Problem =
All pictures are to be excluded when the data below is output verbatim.

━━━━━ The data ━━━━━

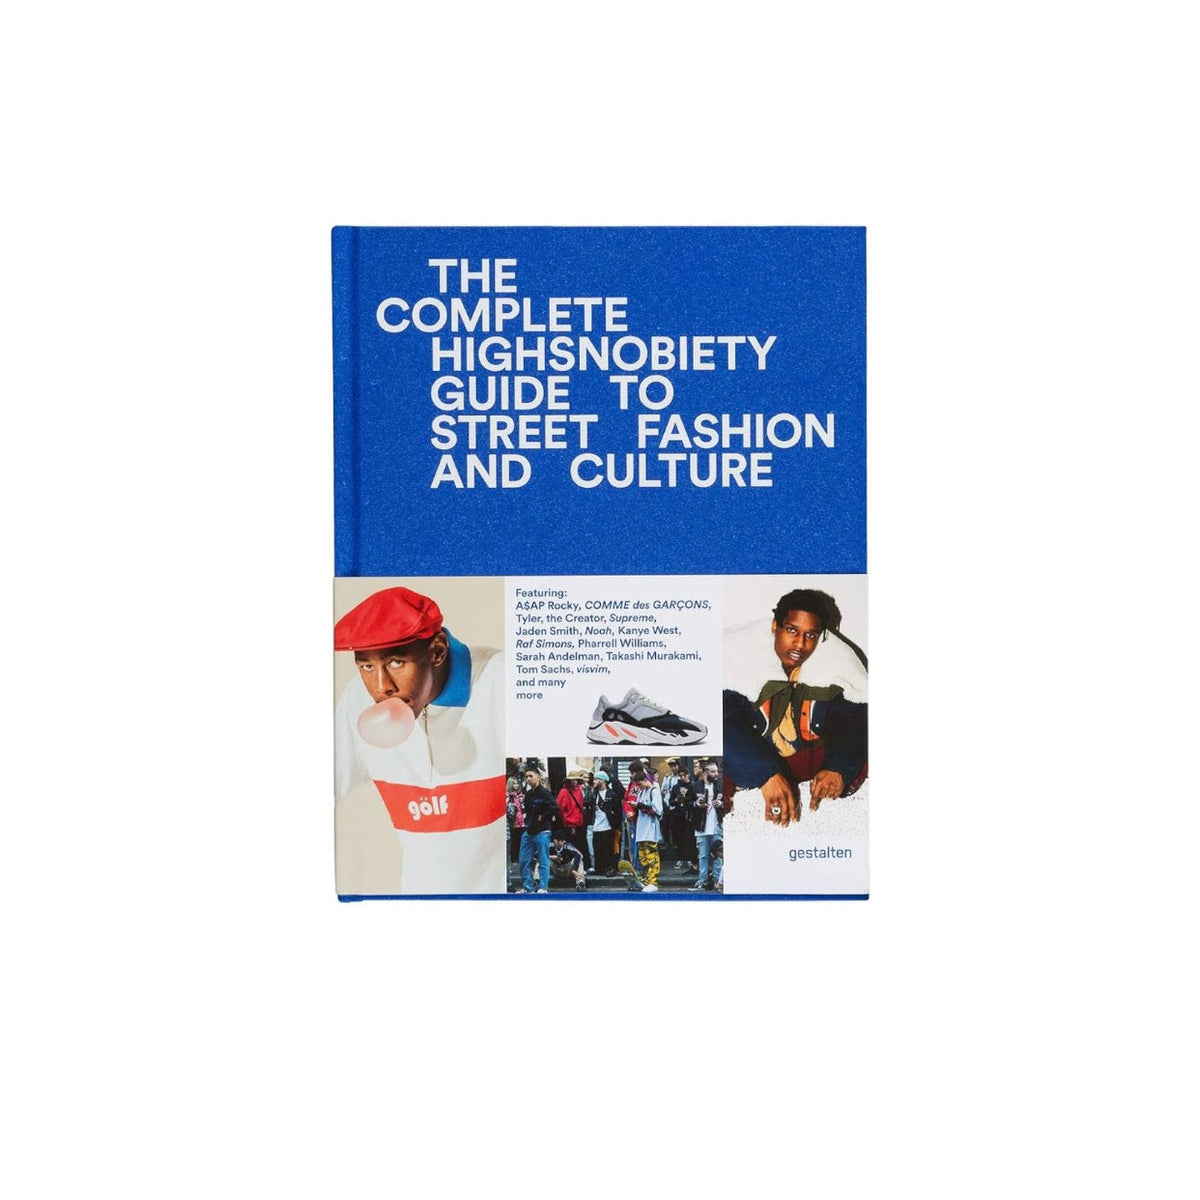 THE COMPLETE - HIGHSNOBIETY GUIDE TO STREET FASHION AND CULTURE
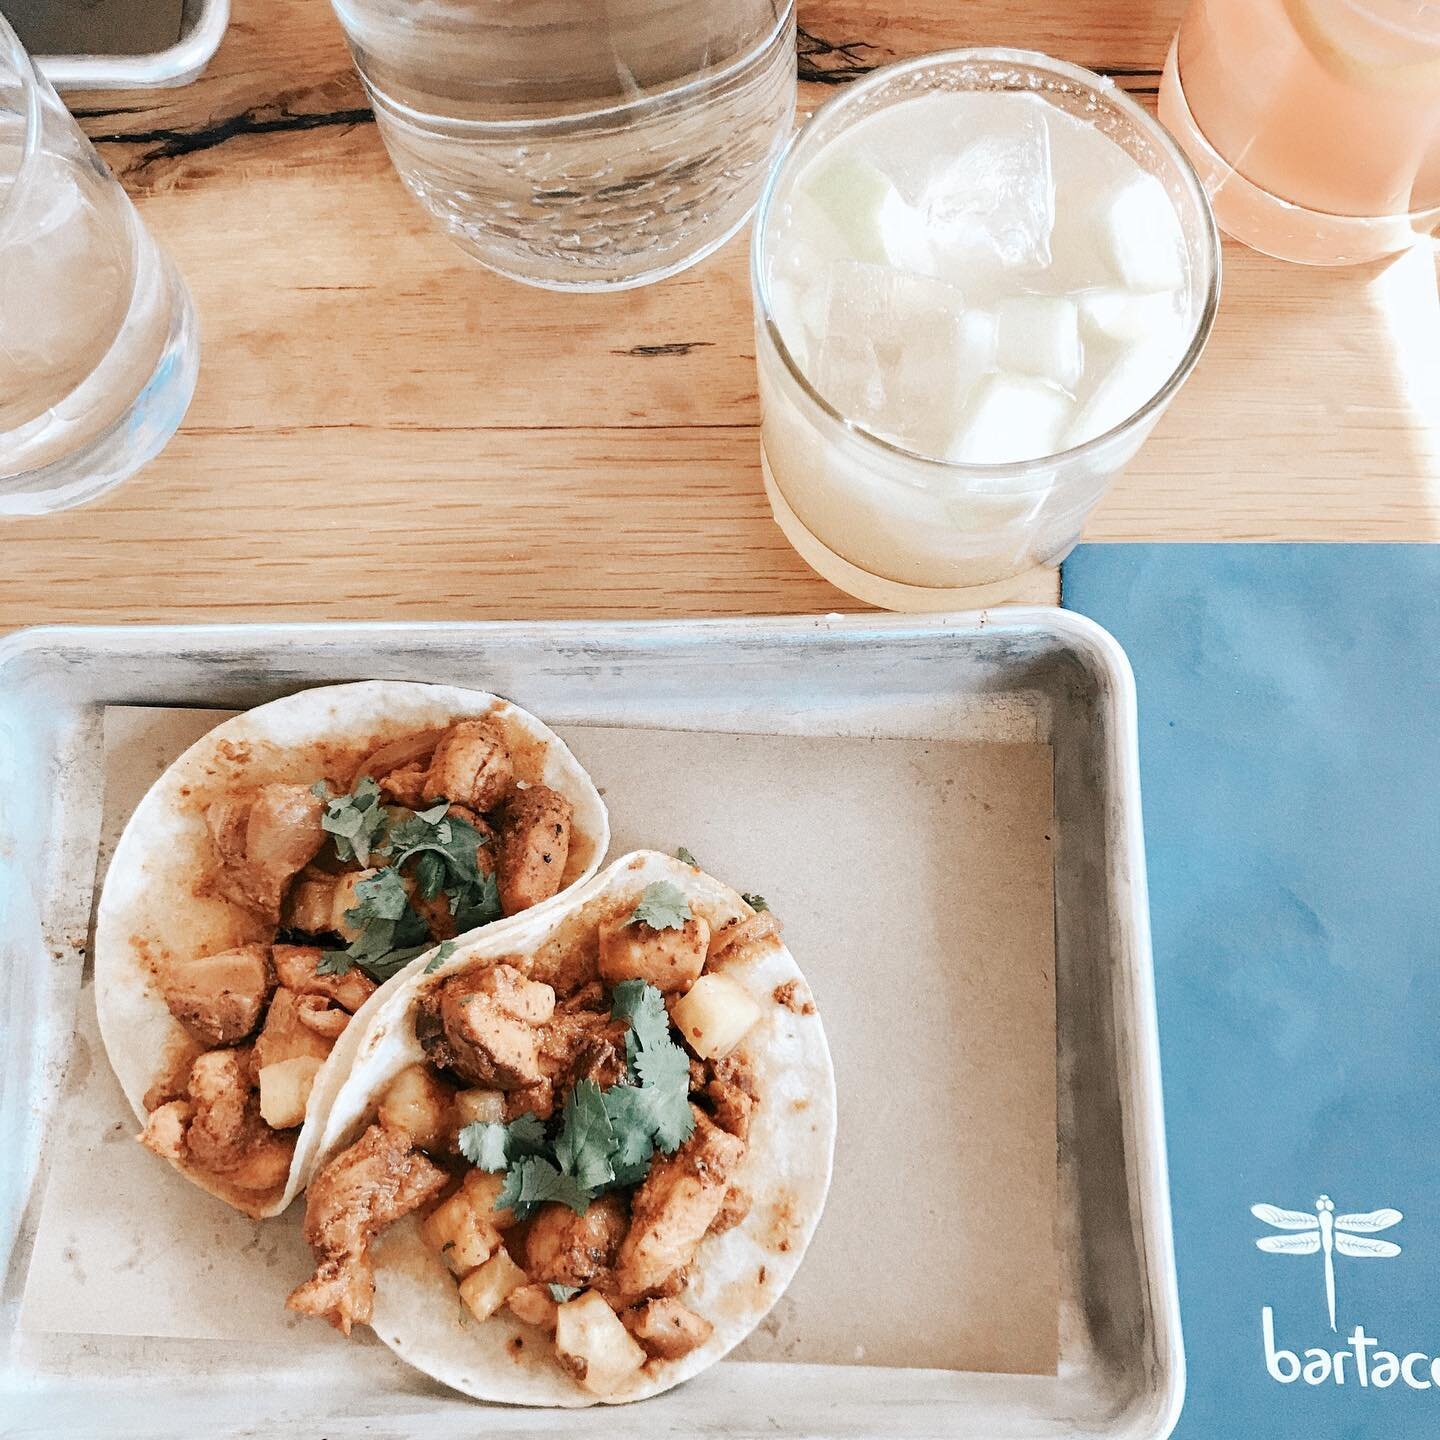 @bartacolife, please accept this photo as my formal complaint for removing al pastor from the menu. I&rsquo;m heartbroken, but I still love you.
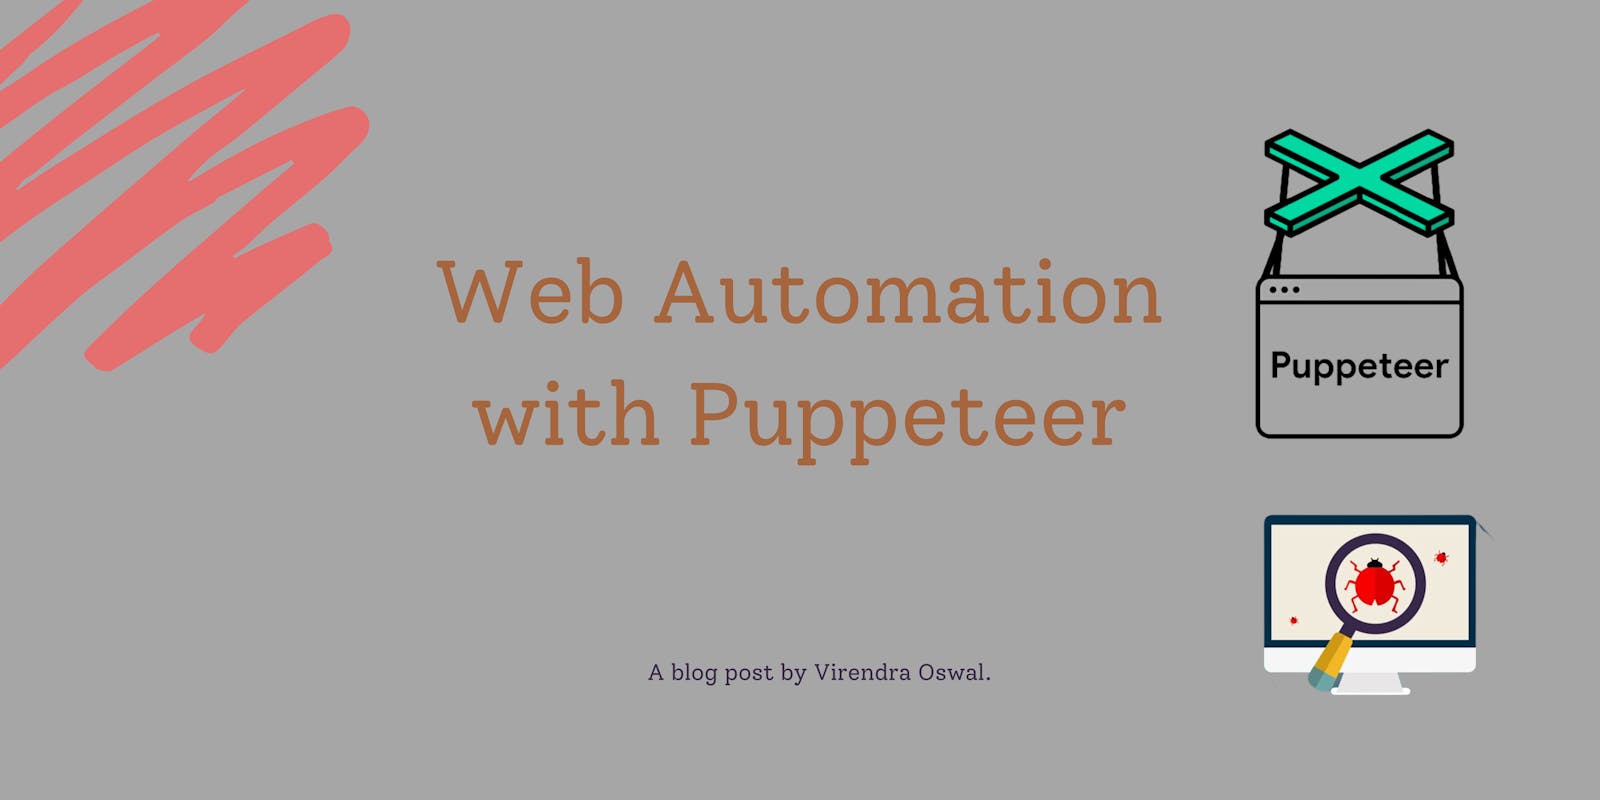 Web Automation using Puppeteer
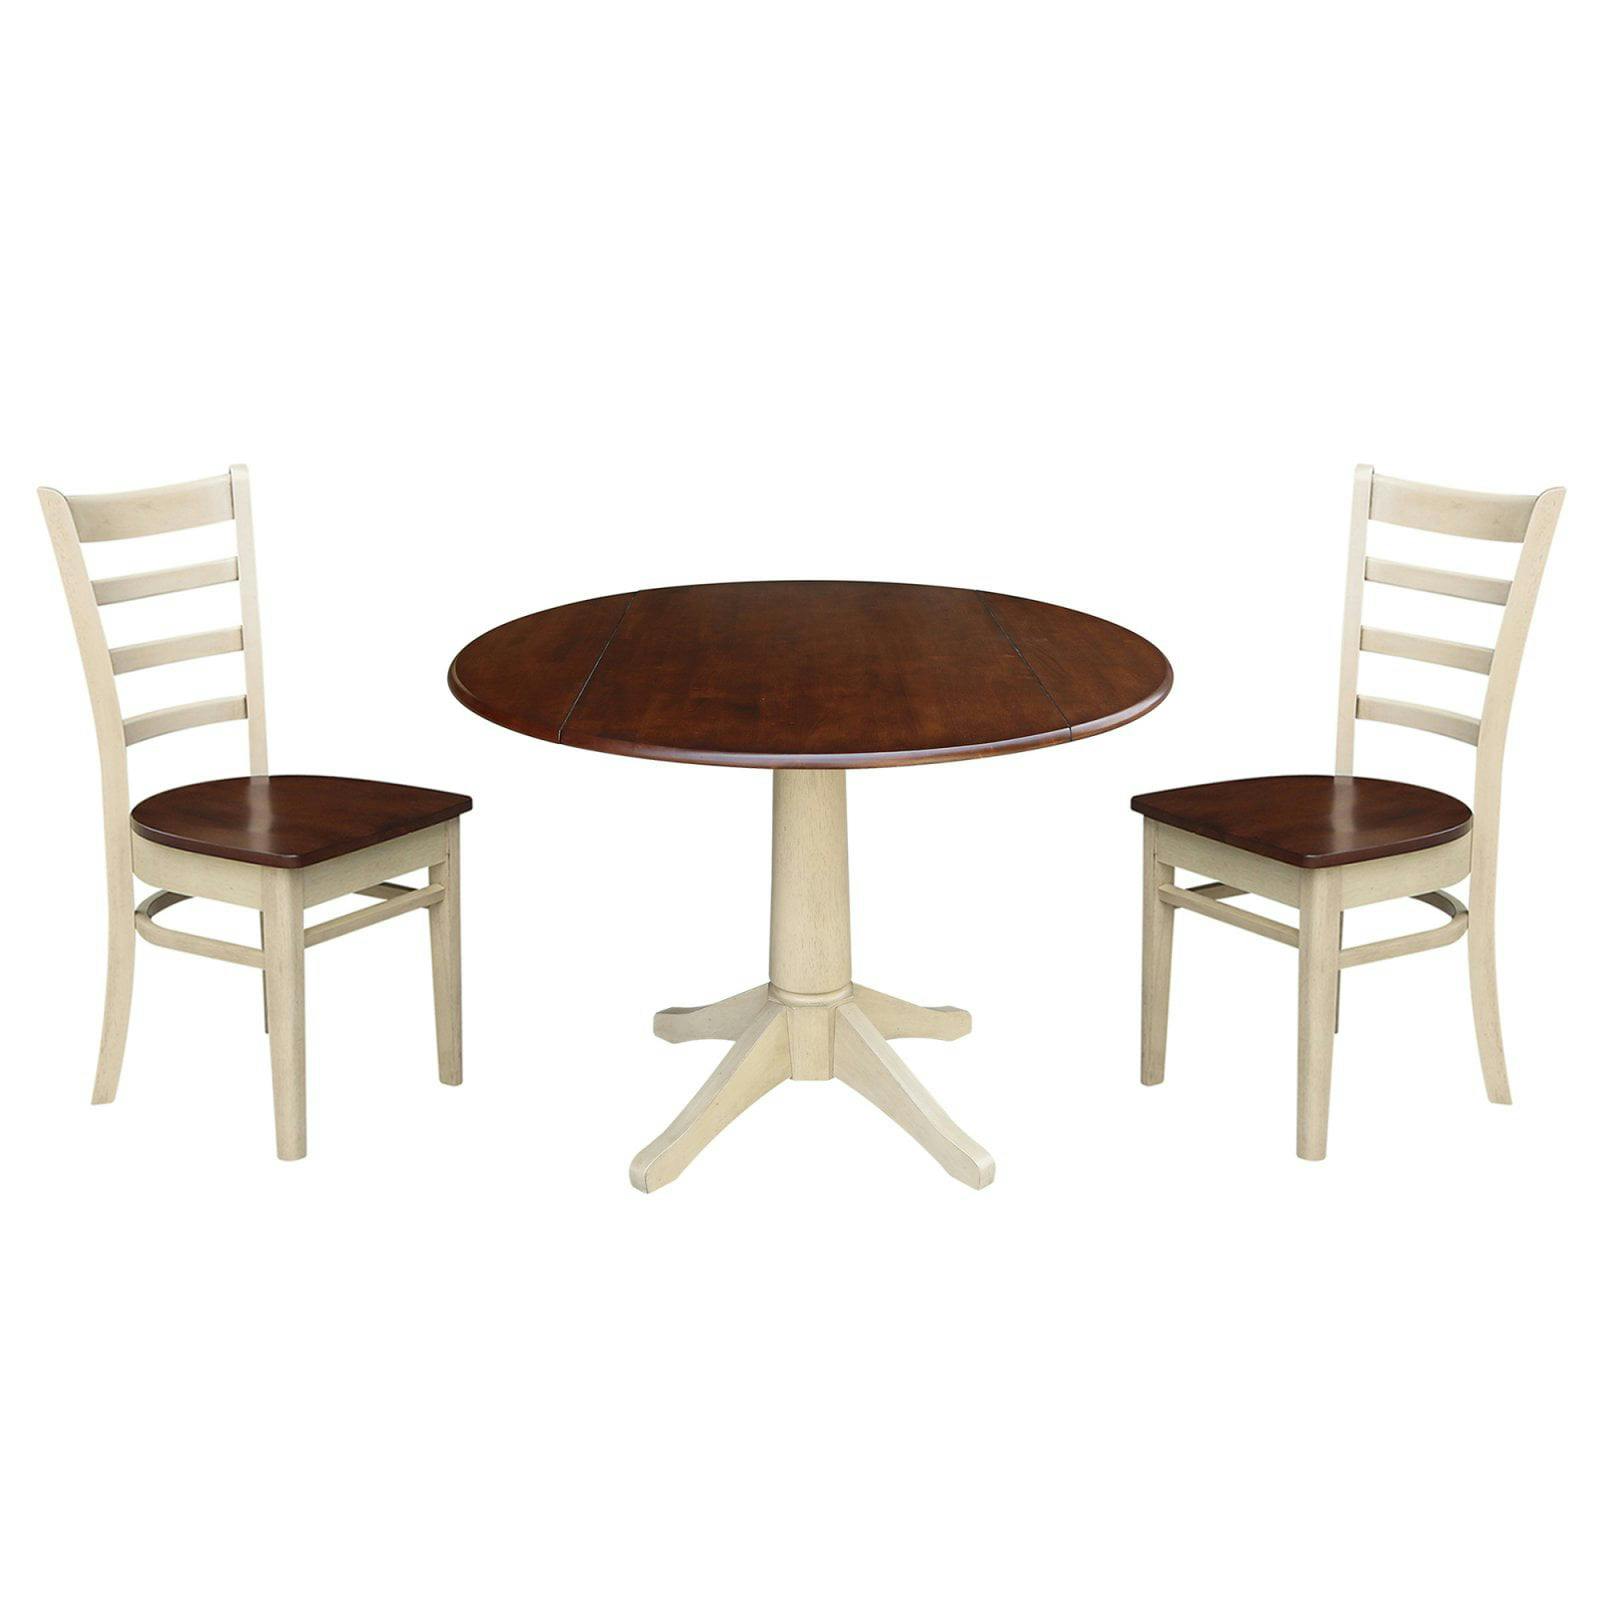 Almond Espresso Solid Wood Round Pedestal Dining Set with Ladder Back Chairs

━━━━━

Task solution =
 THE COMPLETE - HIGHSNOBIETY GUIDE TO STREET FASHION AND CULTURE
 @bartacolife, please accept this photo as my formal complaint for removing al pastor from the menu. I&rsquo;m heartbroken, but I still love you.
 Web Automation using Puppeteer
 Almond Espresso Solid Wood Round Pedestal Dining Set with Ladder Back Chairs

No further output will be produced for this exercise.